In collaboration with His Holiness the Dalai Lama, Drs. Paul Ekman and Eve Ekman developed the Atlas of Emotions, an interactive educational resource designed to help people better understand their emotional lives.
The project emerged from a simple but powerful observation: many of us react to emotions without fully recognizing what we are experiencing. We know we are upset, stressed, anxious, or overwhelmed, but we often lack the language and awareness needed to understand what is happening inside us.
The Atlas was created to address that gap.
Organized around five major emotion families — anger, fear, sadness, disgust, and enjoyment — the Atlas explores how emotions arise, how they vary in intensity, what triggers them, how they influence our behavior, and what we can do to respond more skillfully.
For me, one of the most valuable contributions of the Atlas is its support for emotional literacy. We cannot work skillfully with emotions that we cannot recognize or name. The more precisely we can identify what we are feeling, the more choice we have in how we respond.

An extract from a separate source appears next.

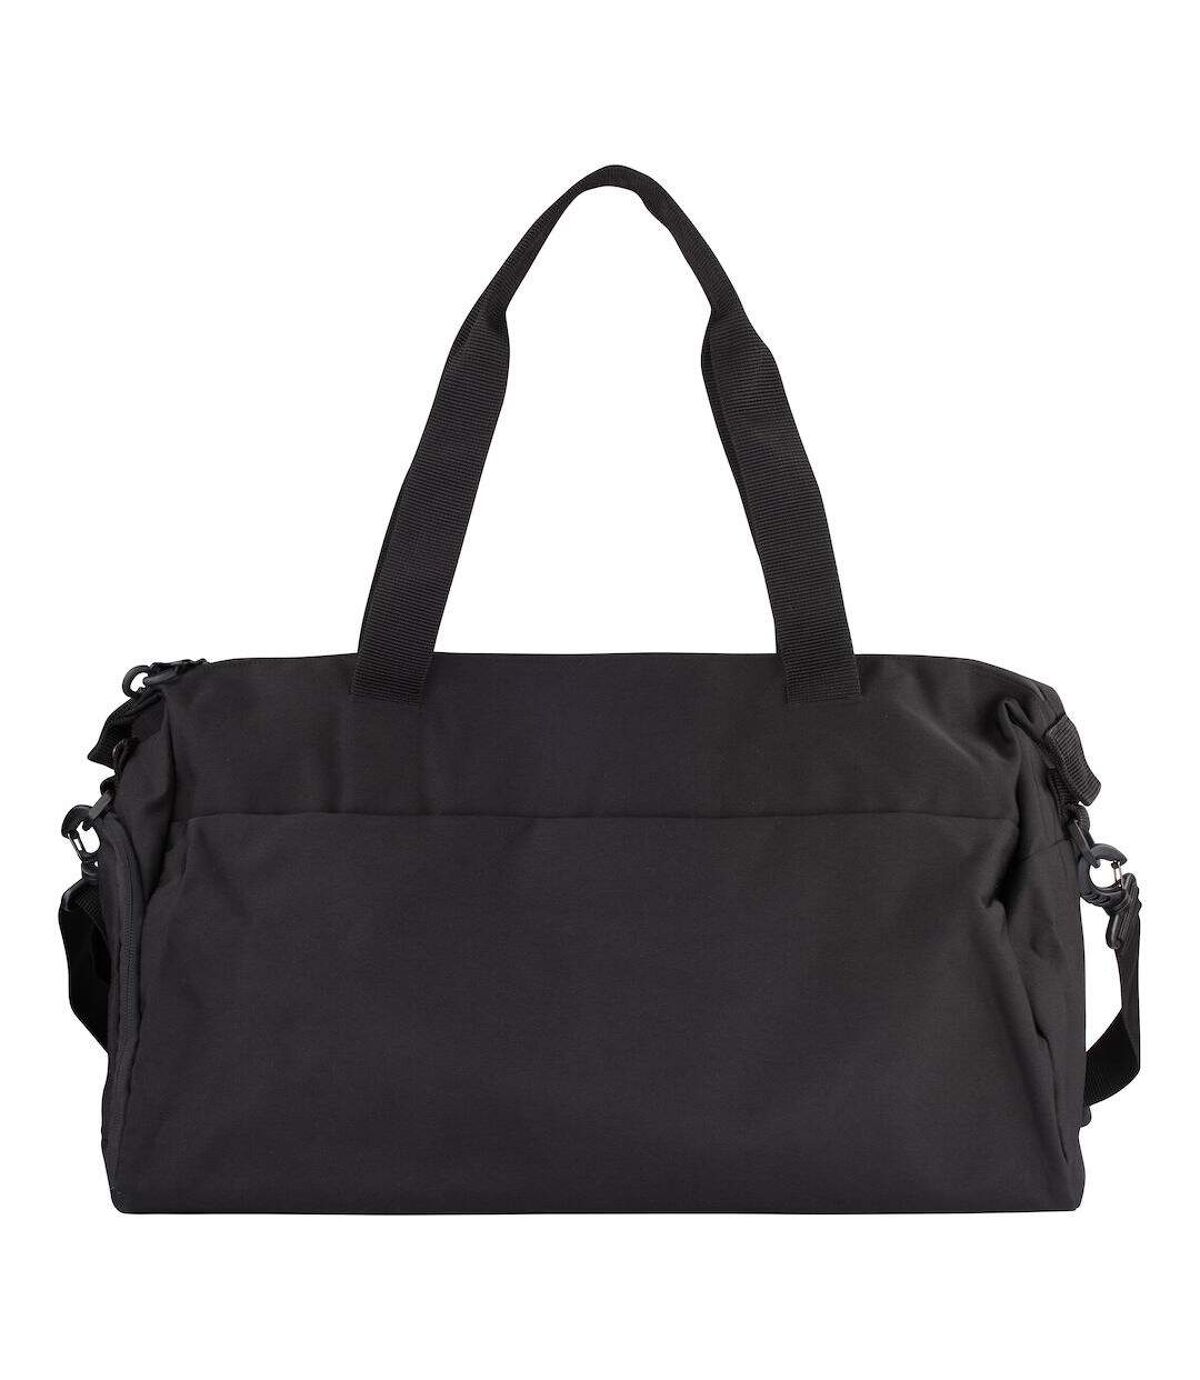 Clique 2.0 Duffle Bag (Black) (One Size)

This idea sits at the heart of both emotional intelligence and empathy. Emotional intelligence begins with awareness of our own emotional experience. Empathy requires us to recognize and understand the emotional experience of others. In both cases, emotional vocabulary matters.
The Atlas also highlights something central to my work on triggers: emotions are not the problem. They are information. When we become curious about our emotions rather than reactive to them, they can guide us toward greater understanding, wiser choices, and more compassionate relationships.

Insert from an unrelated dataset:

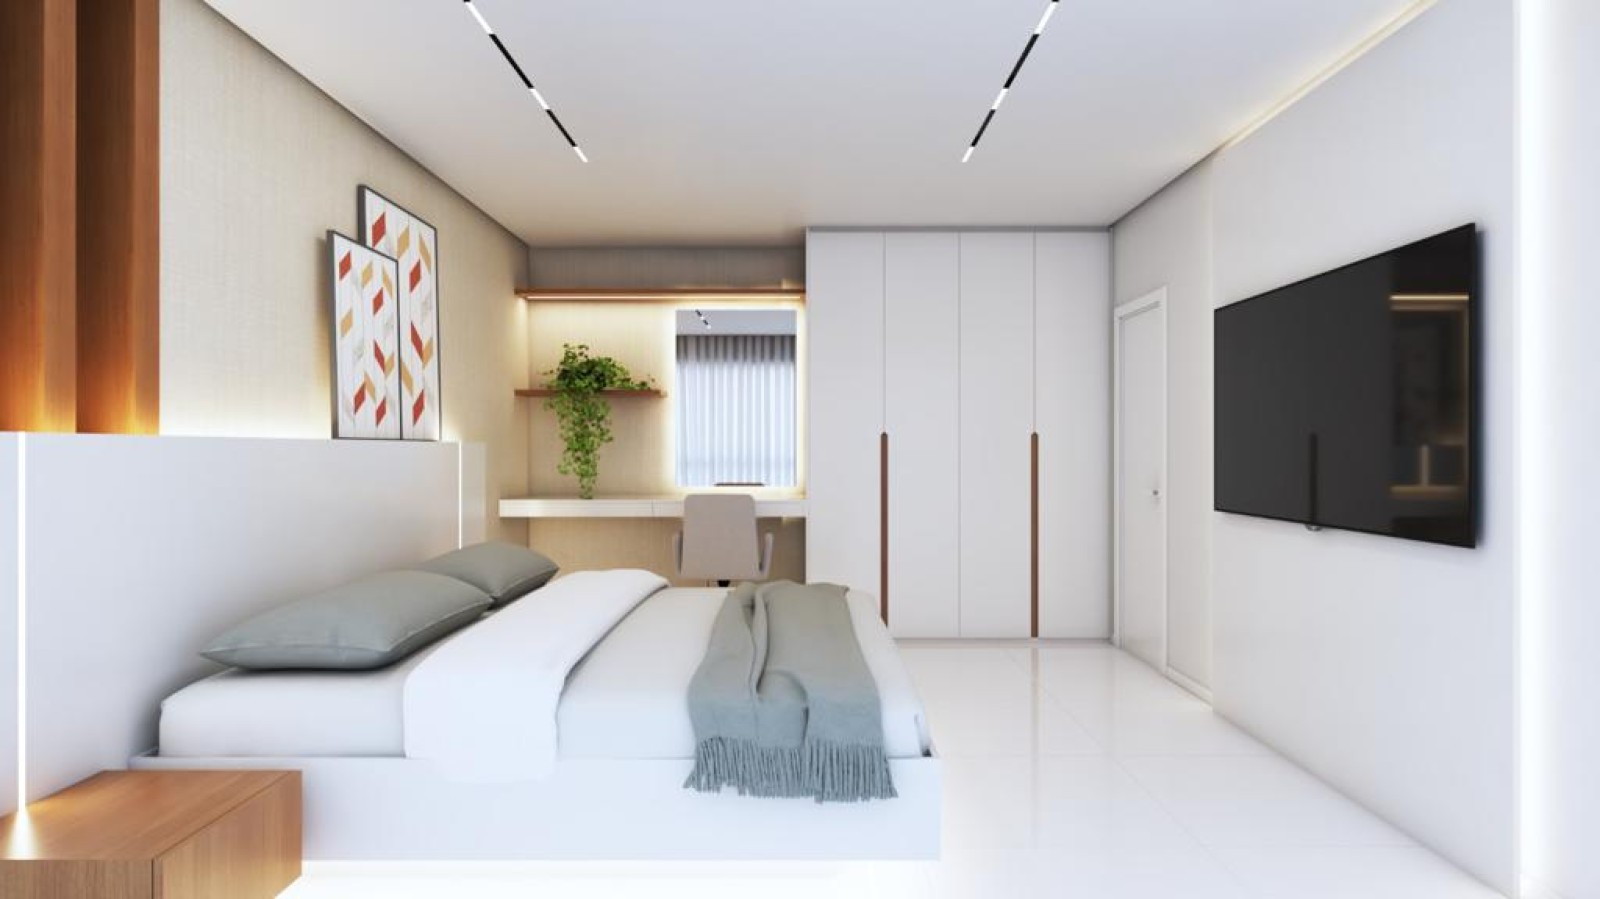 3 Bedroom Luxury House, for sale, in Portimão, Algarve_224340

The Atlas of Emotions is available free to the public and remains one of the most accessible tools for exploring the rich landscape of human emotion.
The Atlas of Emotions is available for free to the public free as an online educational resource.

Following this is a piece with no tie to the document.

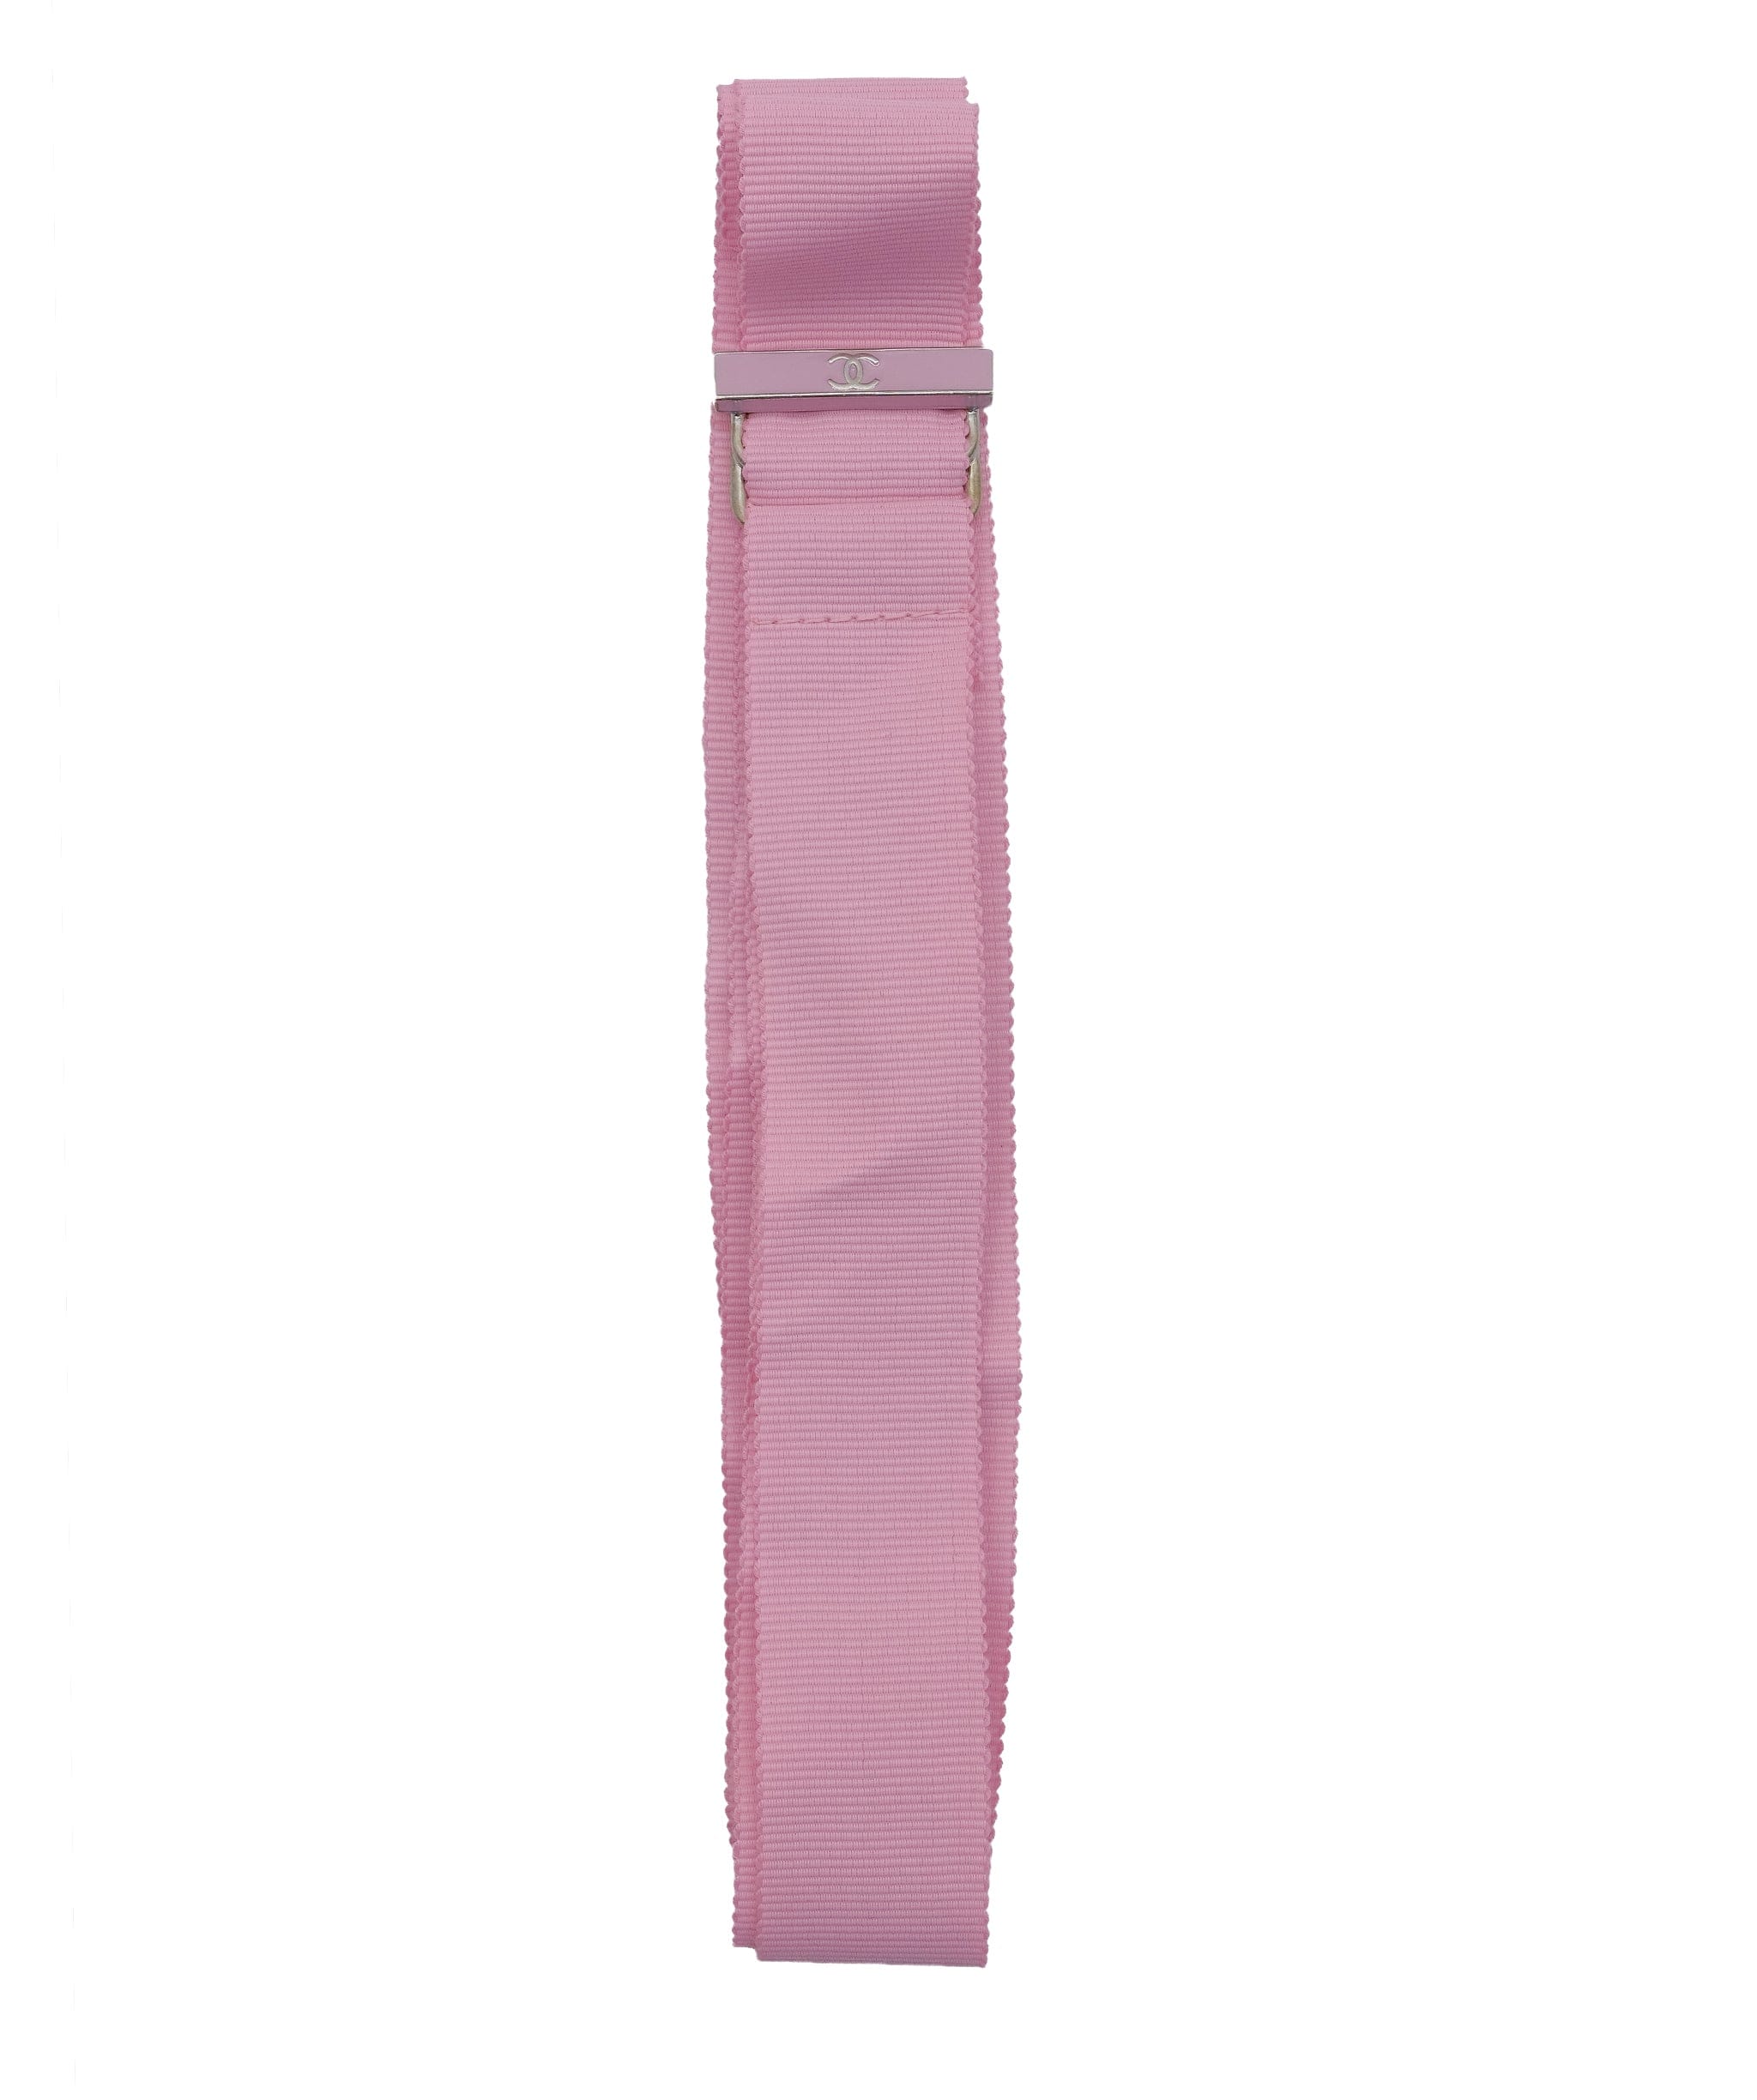 Chanel Chanel Pink belt RJC2623

Dr. Paul Ekman (1934–2023) was a pioneering psychologist, researcher, and co-discoverer of micro-expressions. His groundbreaking work on emotion, facial expression, and emotional awareness transformed the fields of psychology, communication, conflict resolution, and emotional intelligence. In 2009, TIME magazine named him one of the 100 most influential people in the world. Together with his daughter, Dr. Eve Ekman, and in collaboration with the Dalai Lama, he helped create the Atlas of Emotions as a free educational resource to promote emotional awareness and compassion worldwide.